Unfortunately, many victims of car crashes and other accidents discover that their insurance company is instead committed to doing everything possible to avoid paying what the contract or policy says that they have to. And when insurance companies break the terms of a contract, that’s called acting in bad faith.

All insurance companies can be guilty of bad faith claims, whether it’s the provider of your auto insurance, your health insurance, life insurance, disability insurance, or your homeowner or renter’s insurance.

What are Ways Insurance Companies Show “Bad Faith?”

There are many different ways that insurance companies can act in bad faith, and at the Law Offices of Gary Bruce, we’ve just about seen them all.

Some examples include:

  • Unreasonable delays in responding to a claim, investigating a claim, or paying a claim
  • Unreasonable demands on the policyholder
  • Failing to disclose coverage limits and exclusions, or misrepresenting coverage
  • Ignoring evidence
  • Denying a claim without giving any reason why
  • Denying covered services to avoid spending money
  • Threatening the policyholder

However, it can’t simply be assumed that an insurance company is acting or will act in bad faith.
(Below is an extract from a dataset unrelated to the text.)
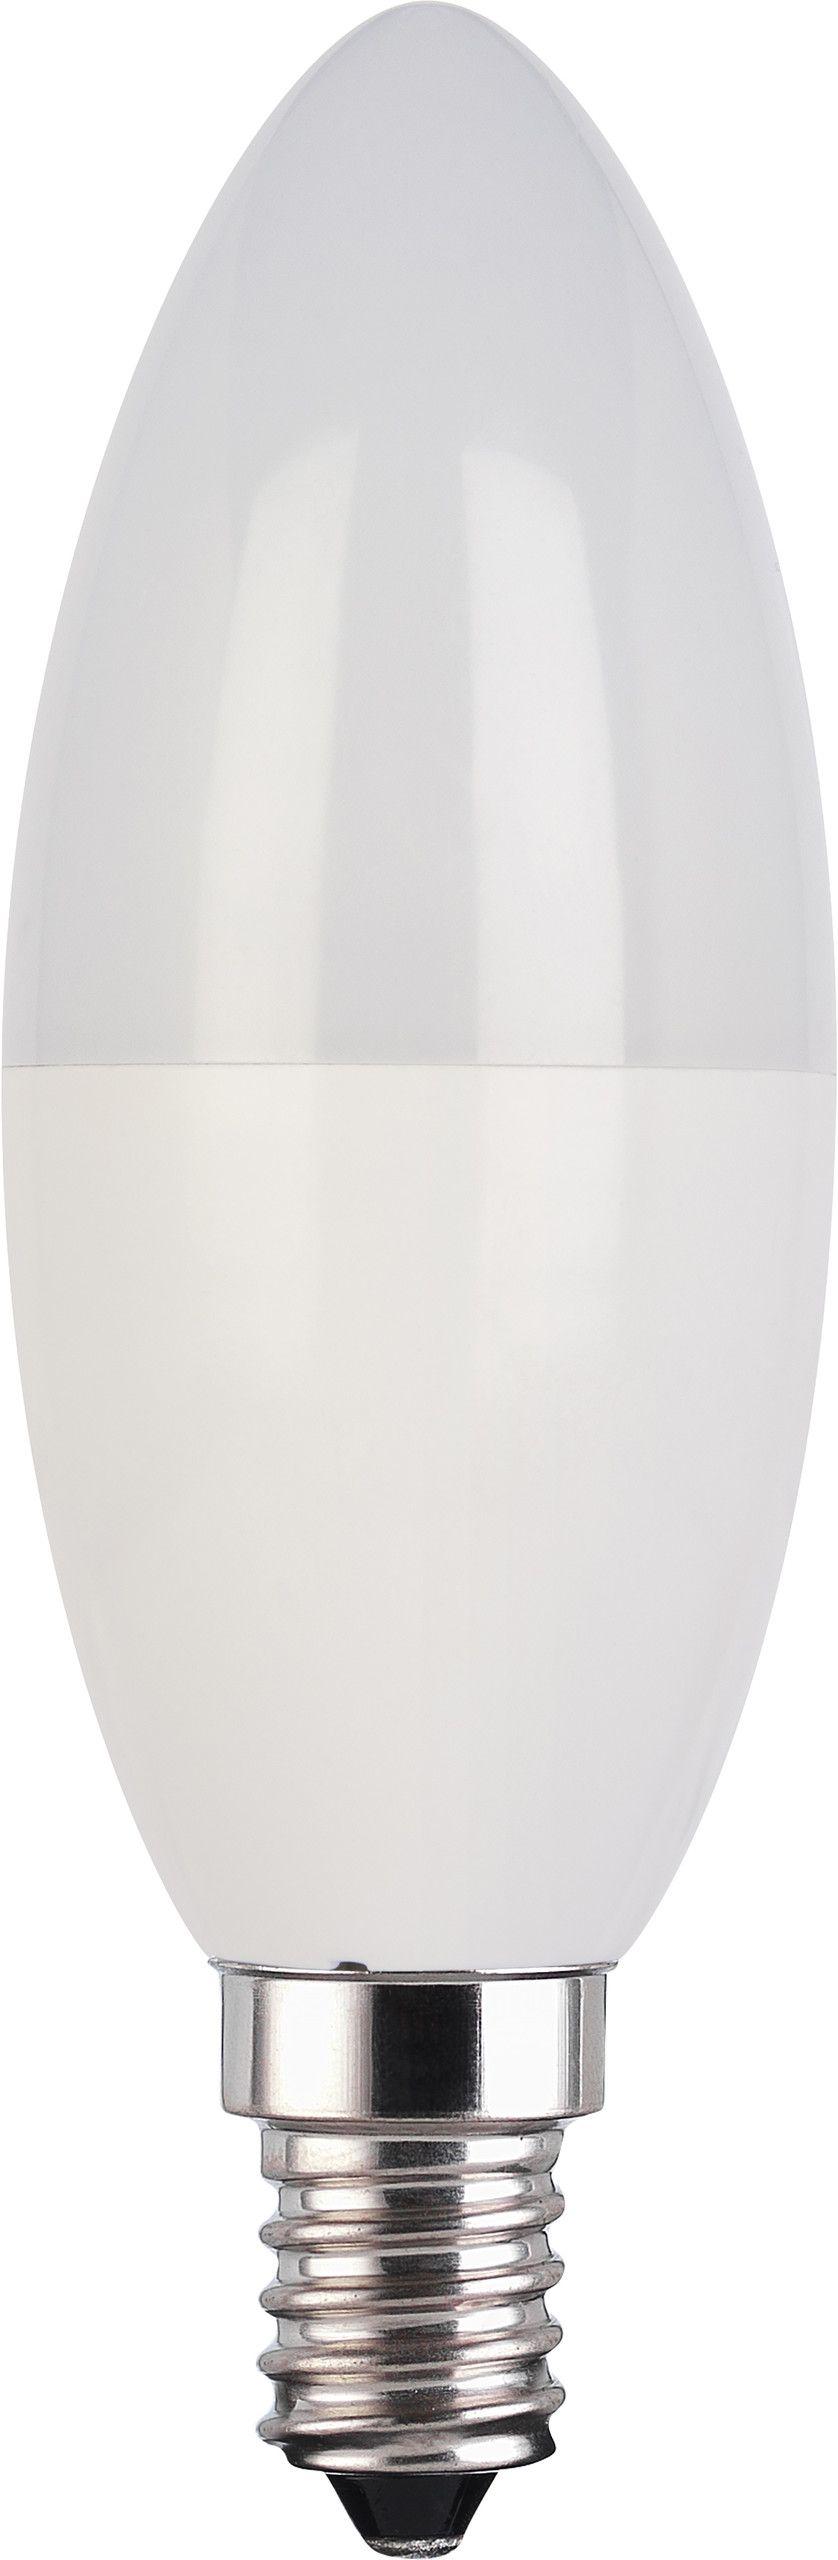 TCP Smart LED Lamp Classic White E14

They have to be given a provable opportunity to act—for example, an opportunity to settle or resolve a claim, and then fail to do so.

If they truly didn’t have enough time or information to process a claim, it probably isn’t bad faith.

What’s the Difference Between Bad Faith and Negligent Handling of a Claim?

When an insurer is deliberately acting to reduce, deny, or obstruct a claim—in other words, if they are purposefully trying to get out of something they are contractually obligated to do– that is considered acting in bad faith.

However, insurance adjusters are only human, and humans make mistakes. And just because an insurance adjuster is bad at their job doesn’t mean there’s a bad faith claim. It’s actually much more common for the problem to be “negligent handling” of a claim when something goes wrong.

Determining the difference between an insurance claim handled in bad faith and an insurance claim handled negligently can be tricky. In these circumstances, your best option to get the compensation you deserve is to talk to an experienced Georgia personal injury attorney like those at the Law Offices of Gary Bruce.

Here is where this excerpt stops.